Given the aging of the population, dementia is a rapidly increasing public health issue. Because of the lack of effective interventions to date, there is a need to identify new treatments. The renin angiotensin system (RAS) plays a key role in blood pressure regulation and there is emerging evidence about its possible involvement AD pathology. Effects by the RAS are associated with elevated angiotensin II (ANGII) levels resulting in an over activation of angiotensin receptor type-1 (AT1R), which is associated with accumulation of amyloid-? and tau, in addition to elevated blood pressure. ANGII level increase is the result of increased conversion from angiotensin I mediated by the angiotensin converting enzyme (ACE). Epidemiological studies suggest that antihypertensive medications acting via the RAS, including ACE inhibitors and AT1R blockers, protect against cognitive decline and re-purposing these drugs may have therapeutic potential in AD. There are currently very few studies available evaluating associations between blood ACE or ANG II levels and cognitive aging or imaging. We, in this proposed study, will leverage on available data to evaluate associations between ACE and ANGII blood levels, blood pressure and MRI brain volumetric measures of regions vulnerable to AD. We have completed collection of blood and measuring ACE and ANGII levels at baseline, and evaluated associations with cognitive function in non-demented, community dwelling older population (N=56) of the Brain Health Study (BHS), a sub-study of the Baltimore Experience Corps Trial (BECT). We found in our cross-sectional analysis significant positive associations between ANGII and verbal memory, in our longitudinal analysis a significant negative association between ACE and working memory, and these were not mediated by blood pressure. At the time of blood collection we also obtained brain MRI on participants (N= 46) that have not been processed.
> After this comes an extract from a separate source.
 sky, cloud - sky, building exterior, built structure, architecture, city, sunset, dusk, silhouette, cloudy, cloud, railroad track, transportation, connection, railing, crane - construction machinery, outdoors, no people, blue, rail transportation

We now seek support to obtain MRI volumetric measures of the hippocampus, entorhinal cortex, and other regions implicated in AD in order to evaluate these new markers and targets as potentially important predictors in the development of AD.
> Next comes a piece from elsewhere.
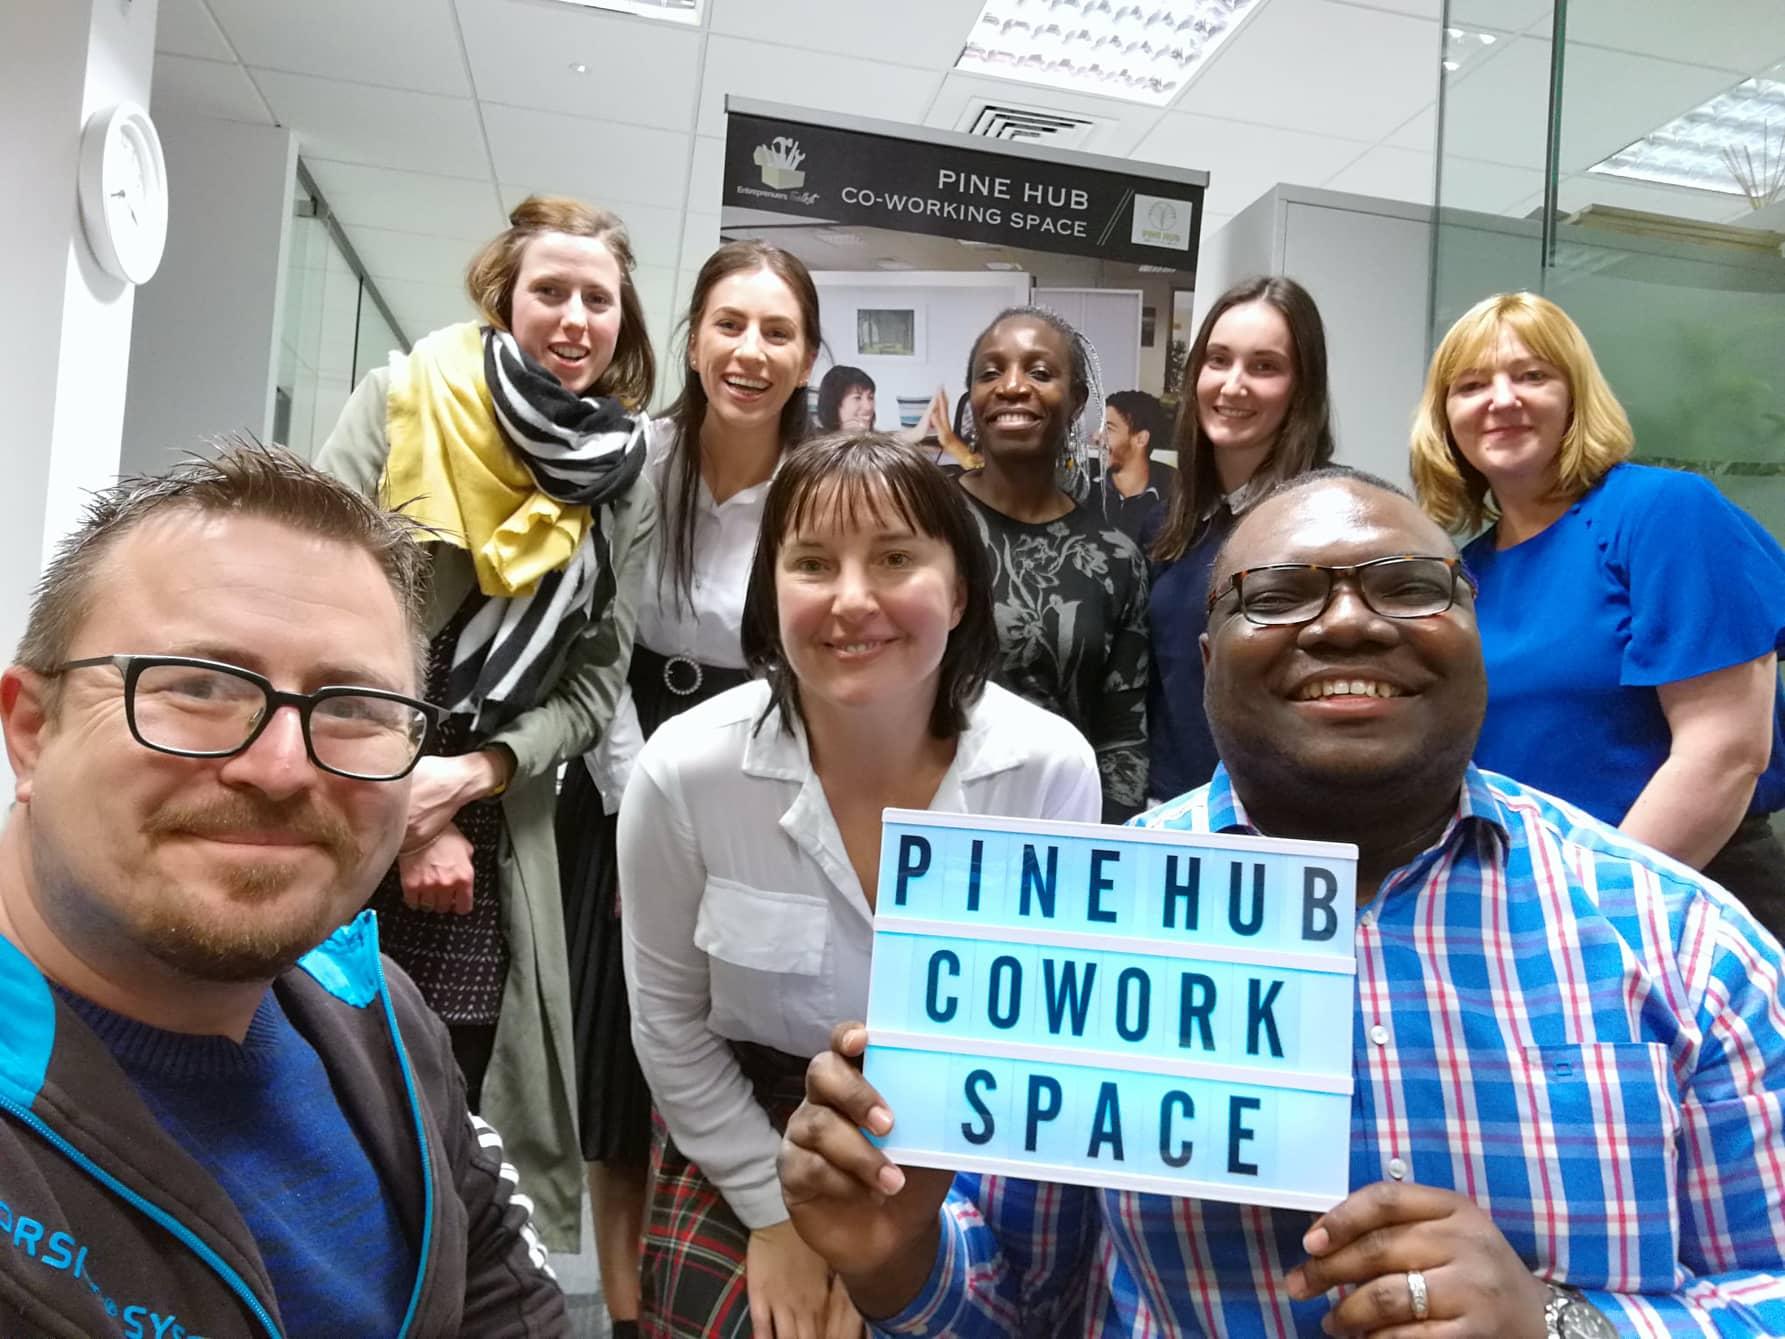 Pine Hub, Dublin

Our aims are to examine cross-sectional associations between: 1) Blood ACE and ANGII levels and available MRI data by obtaining brain volumes implicated in AD. 2) Blood ACE and ANGII levels and blood pressure (BP) measurements, including systolic (SBP) and diastolic blood pressure (DBP). 3) Systolic (SBP) and diastolic blood pressure (DBP), and MRI brain volumes. The results of this study will help elucidate the relationship between RAS and brain biomarkers, and guide future research to examine whether ACE and ANGII level changes could serve as predictors of cognitive decline and/or cognitive impairment. At the same time, these brain biomarkers can inform potential mechanisms of action that may lead to the development of a potential new pharmacological target.
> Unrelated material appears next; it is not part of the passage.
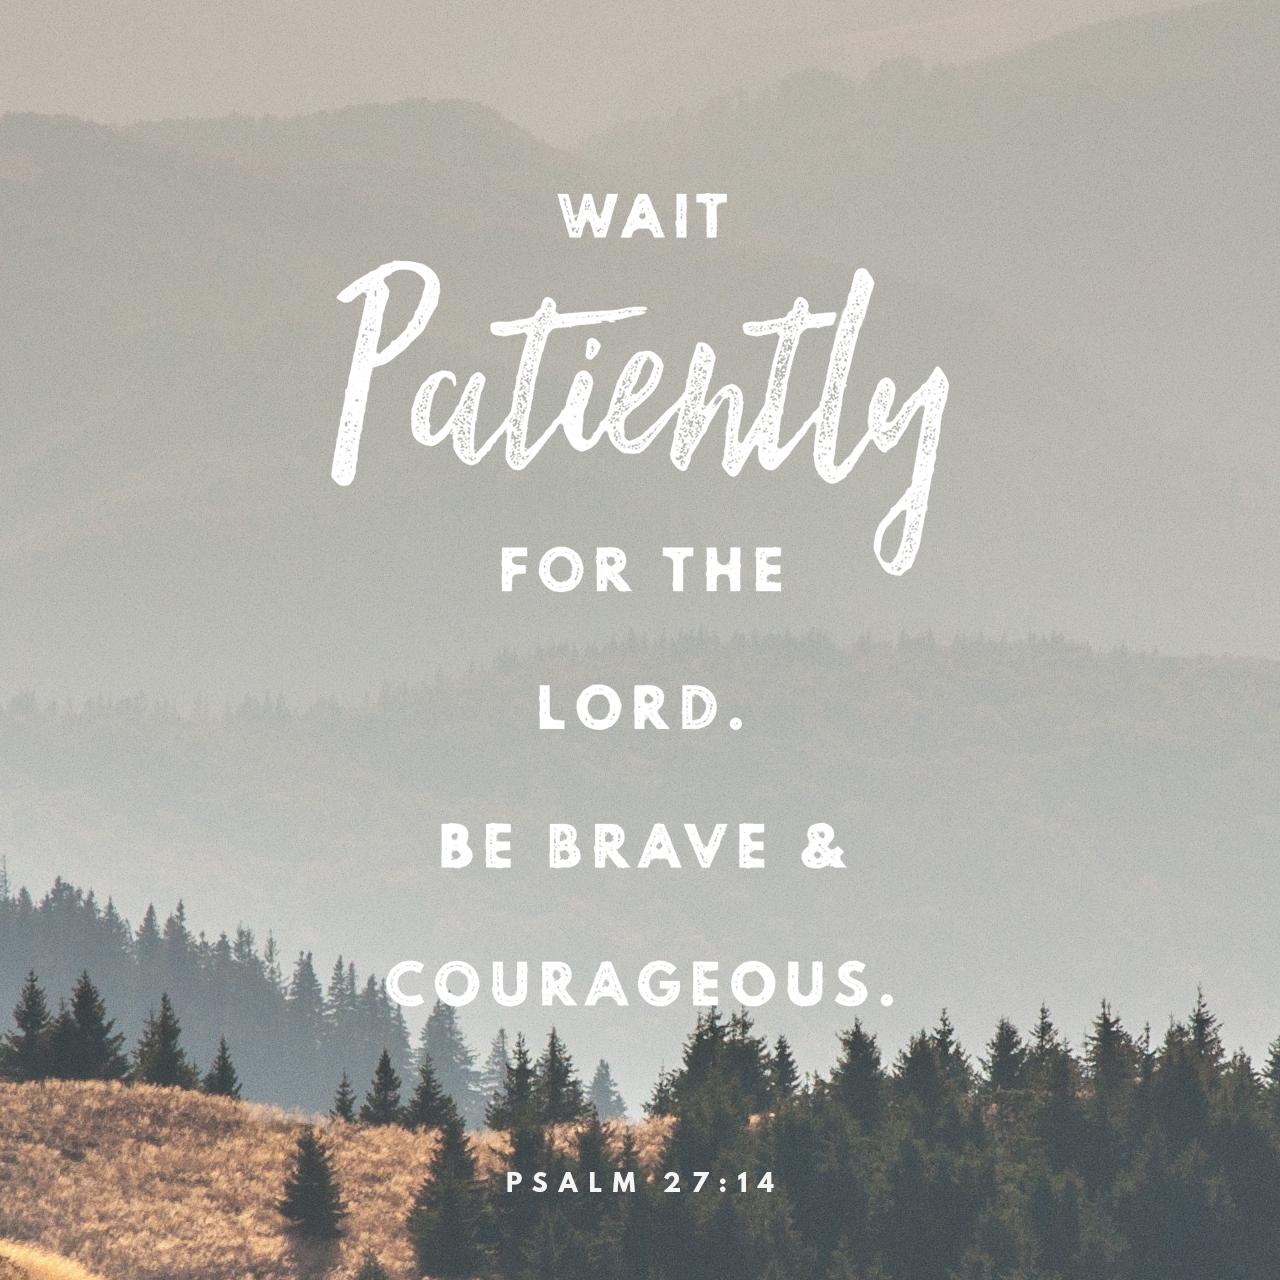 Psalms 27:14 (JPG)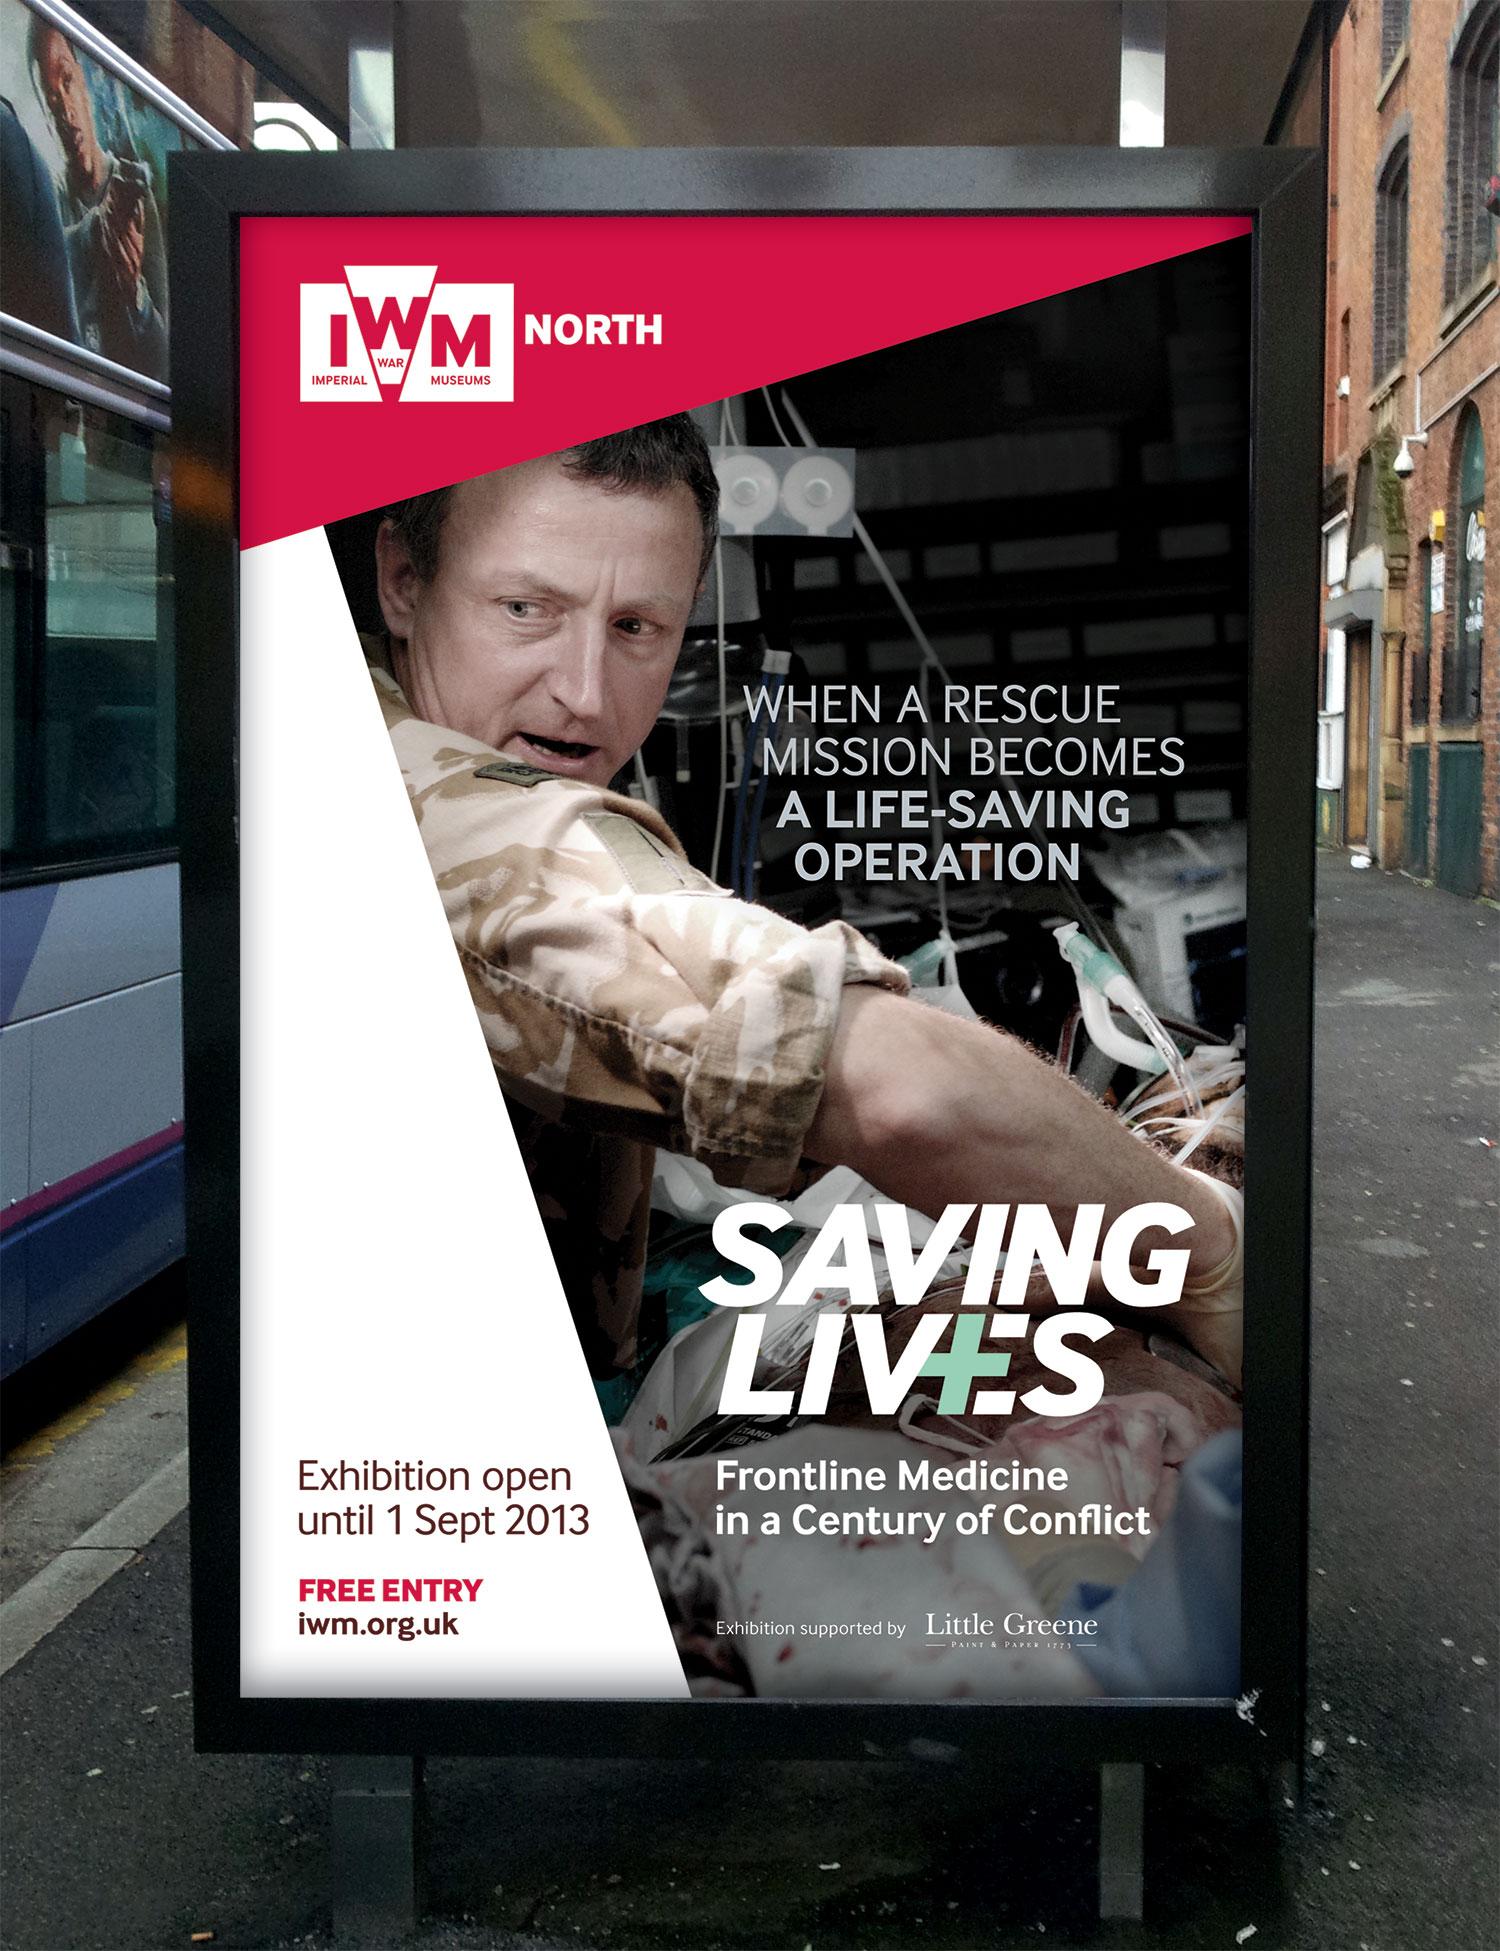 iwm_saving_lives_poster_bus.jpg

Dementia is a rapidly increasing clinical and public health issue, primarily as a result of aging of the population. Identifying new and potentially effective pharmacological approaches to aid early detection and for possible development of a potential new pharmacological target is critical. In this proposal, we will evaluate associations between blood levels of angiotensin II (ANGII) and angiotensin converting enzyme (ACE), blood pressure and brain MRI volumes, to help elucidate the effect of renin-angiotensin system in the role of cognitive function and furthermore help identify a potential new pharmacological target.